A few nights back, my wife and I had some friends over for a barbecue on our apartment roof. When it came time to start the festivities, I immediately lit the grill on fire, and not in a good way. I needed to cook off many months-worth of caked-on grease and crap stuck to the grate and interior of our “community grill." So, I shut off the gas line and let it burn.
Meantime, I fired up the electric T-fal OptiGrill Plus on the table next to the grill and threw on a ribeye to keep our guests happy. The OptiGrill—no relation to Steve Martin's Opti-Grab—is like former boxer George Foreman's Lean Mean Fat-Reducing Grilling Machine for a semi-digital age. Turn it on, poke a button on the handle that corresponds to the the kind of protein you're cooking and, T-fal says, it will cook your food to the exact amount of doneness you want. Closing the grill (it's panini-style, so it cooks from the top and bottom simultaneously) tells it the thickness of what you're cooking and allows the machine to adjust time and temperature accordingly.
A LED light on the handle indicates how cooked your item is: yellow for rare, orange for medium, red for that elusive pie in the sky, "well done but still juicy." Cleverly, it also makes you wait (pink light) while it preheats, then beeps when it's ready for food. In theory, it's a nice step up from a George Foreman Grill, or something like my WIRED editor Michael's longtime favorite, Cuisinart's Griddler. The latter is completely manual and, at $100 or less, significantly cheaper than the T-fal, which sells for $150 and up online. (In addition to OptiGrill Plus I reviewed, there's also the OptiGrill, which is more compact and about $30 cheaper.)
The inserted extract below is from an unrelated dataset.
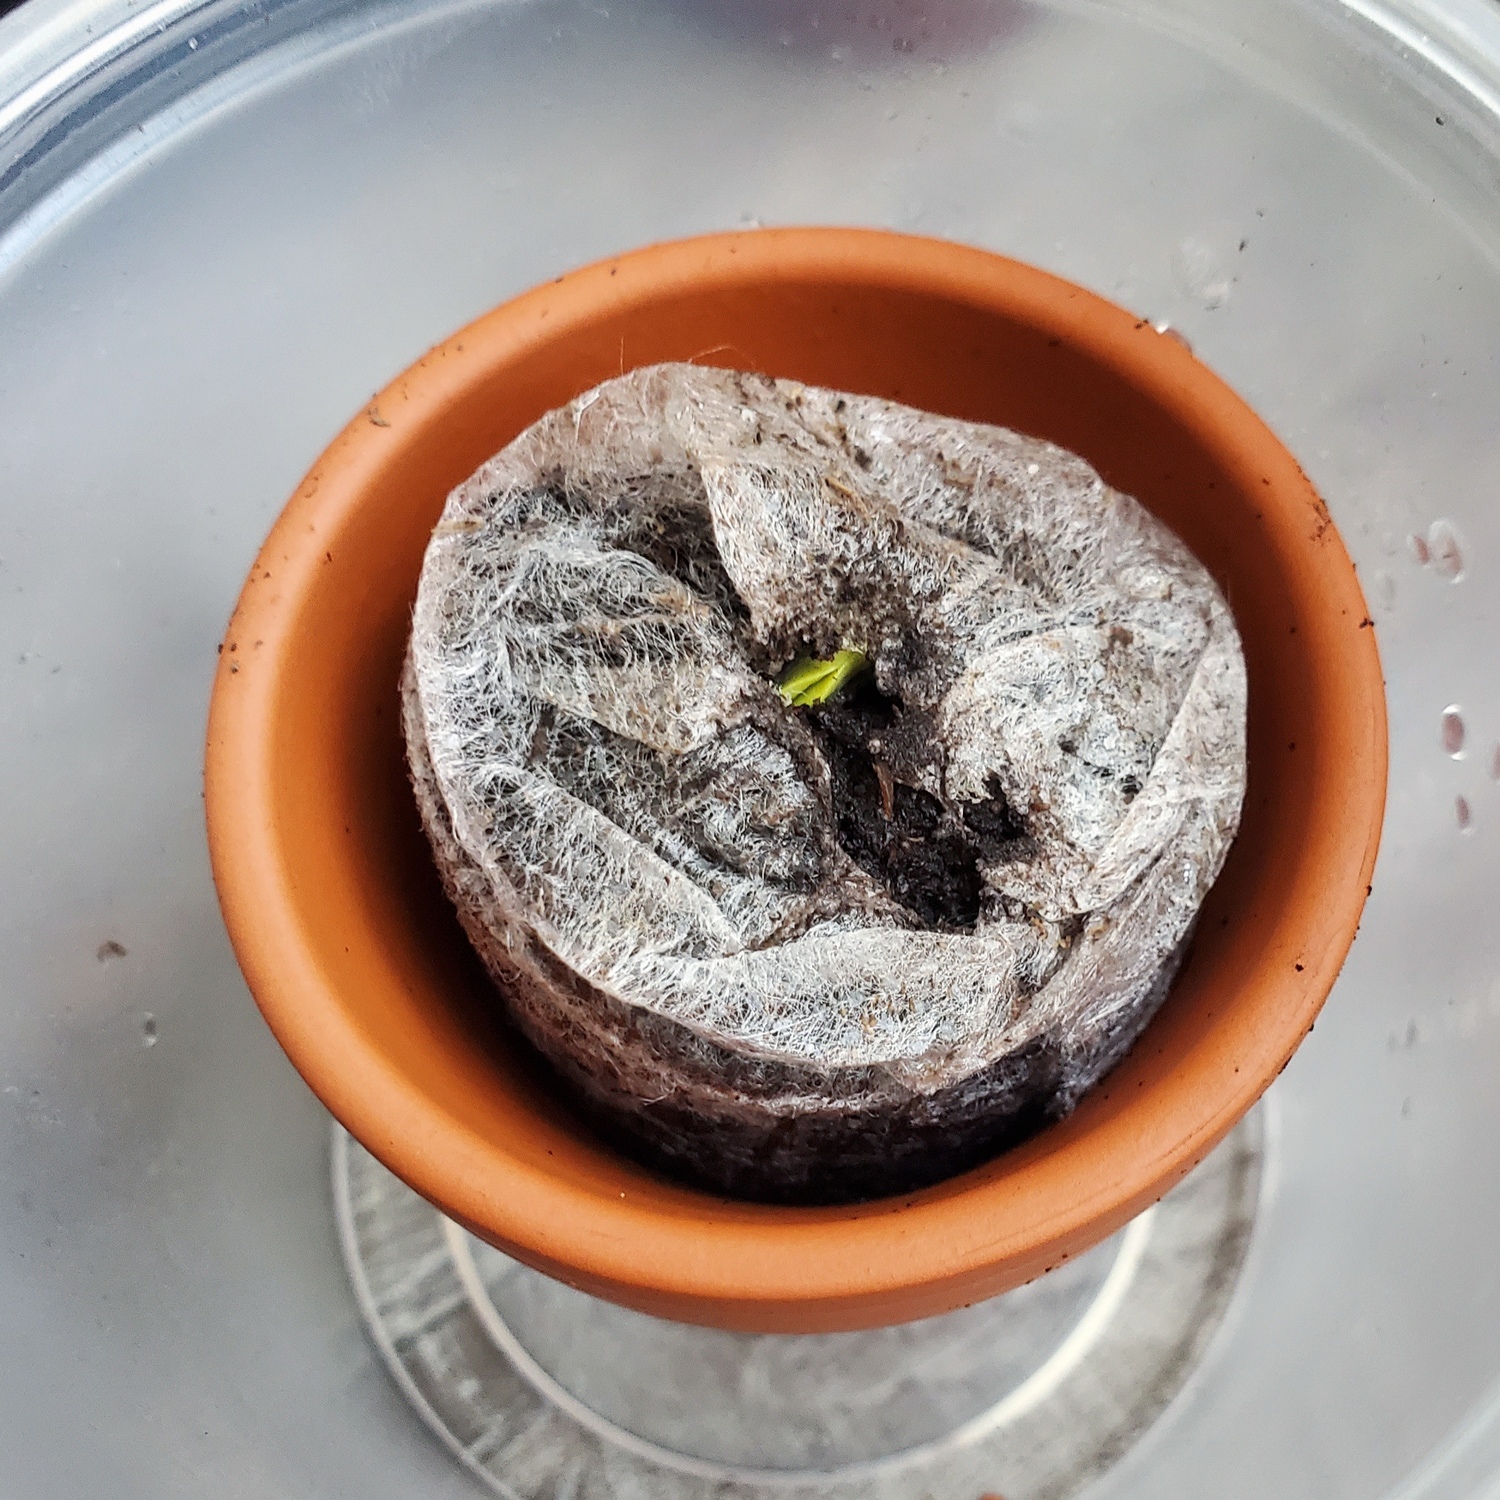 A sunflower seed just starting to open up after a week in a seed starter

Up on my rooftop, the OptiGrill Plus beeped to indicate the steak was rare. I let it go just a minute longer, took it off the and let it rest for five minutes. I noticed that the grill marks were uniformly impressive, but wished they were slightly darker.
Amazingly, the grease fire in the community grill blazed on, so I punched the "sausage" button on the OptiGrill Plus, waited for the preheat signal, and threw a few sausage links on there. I cut the ribeye and passed it around the table. Everybody tore into it and mmmm-ed their way through their first bite. It was tasty, but something gnawed at me.
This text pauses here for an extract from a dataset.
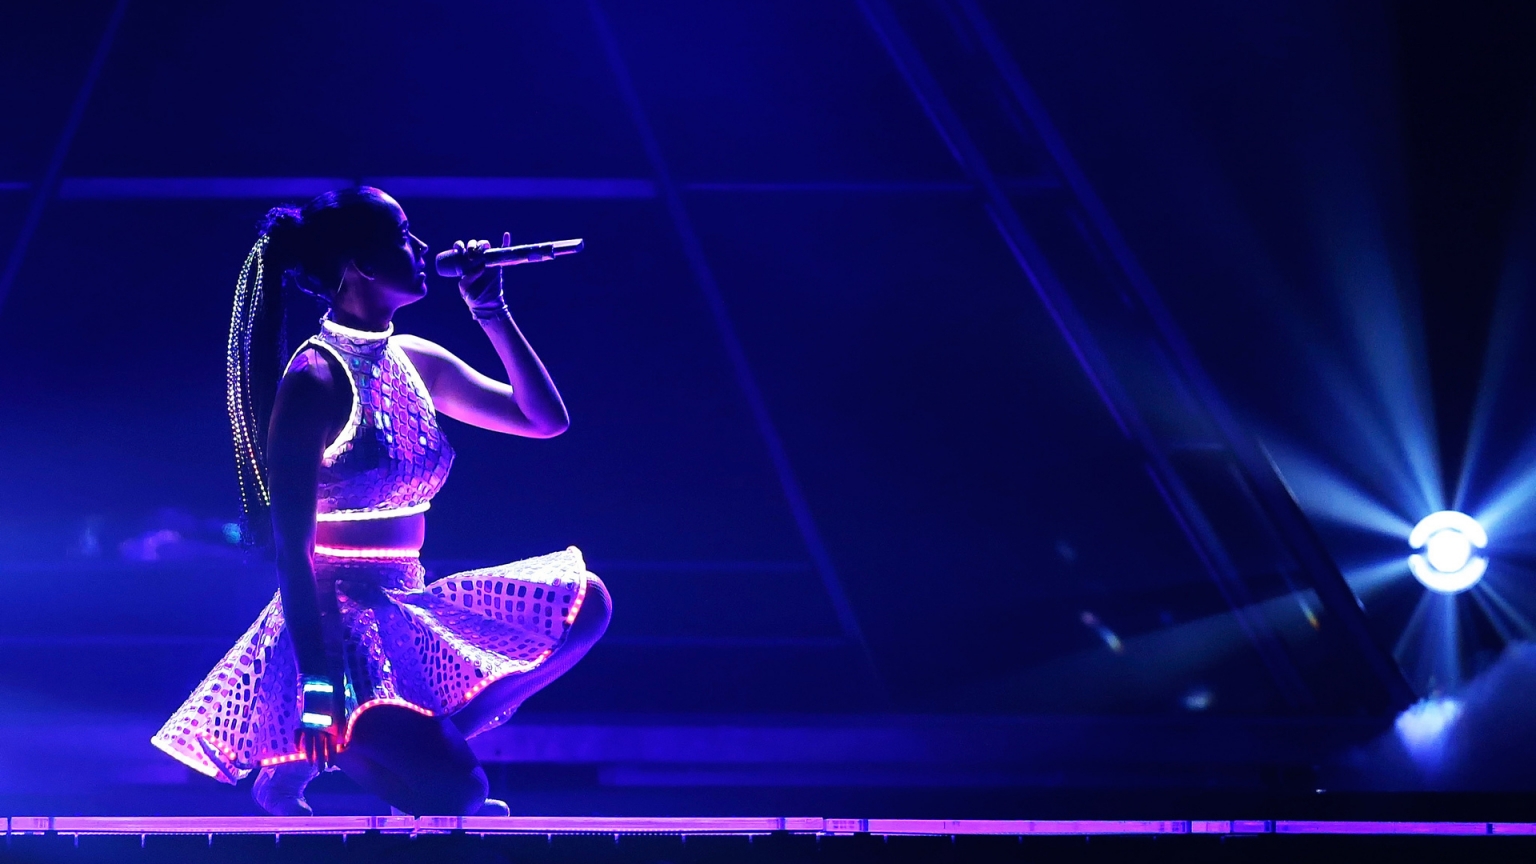 Katy Perry Live Concert for 1536 x 864 HDTV resolution

"It's a little chewy, isn't it?" I asked.
Everyone nodded. It was good, but this was a pricey ribeye and there was little doubt it could have been cooked better.
The sausage, which simply cooks until the light is red, looked great with those nice, dark grill marks I'd been hoping for with the steak. Curious, I poked a thermometer into one of them and was disappointed that it read well into the 170s. It was a good-quality sausage so it was still tasty, but truly, once the center's cooked, why keep going?
By now, the grease fire in the gas grill had died. I cleaned the bejeezus out of the grate and grilled another ribeye and a few more sausages.
I'll grant that I had to do a bit more babysitting on the gas grill than the OptiGrill called for, but when this steak made it to the table, the mmmms were noticeably louder. It had a darker sear on the outside and a deeper red on the interior. It wasn't chewy.
"That's how it's supposed to taste," someone blurted.
I appreciated letting the OptiGrill take care of the sausages so I could talk to my buddies, but I wondered if it was conceived by someone who was horribly risk averse.
A few days later, I popped some chicken breasts on the OptiGrill, which I planned to slice and use in a panini. Not to mix food with food metaphors, but boneless, skinless chicken breasts should be the bread and butter of a machine like this. I patted them dry, sprinkled on some salt and pepper and set them on the preheated T-fal while I prepped the rest of my lunch. Like the pork setting, the chicken setting says to cook until the indicator light is red.
After 12 minutes of sizzling away, the light was only yellow (next would be orange, followed by red). I got anxious, pulled out my thermometer and tested them both. One was just done and the other had already sailed on into the 170s, talking flavor and juiciness along with it on its voyage through orange and onto red. (On another day, I put Steven Raichlen's fantastic hawaij rub from "The Barbecue! Bible" on some chicken thighs and the very centers hit 200°F while the light was still yellow. Somehow, the exteriors were barely browned.)
Nope. No thank you. If the USDA's universal, ass-covering minimum internal poultry temperature is 165°F, that is the very furthest you need to take chicken on a grill.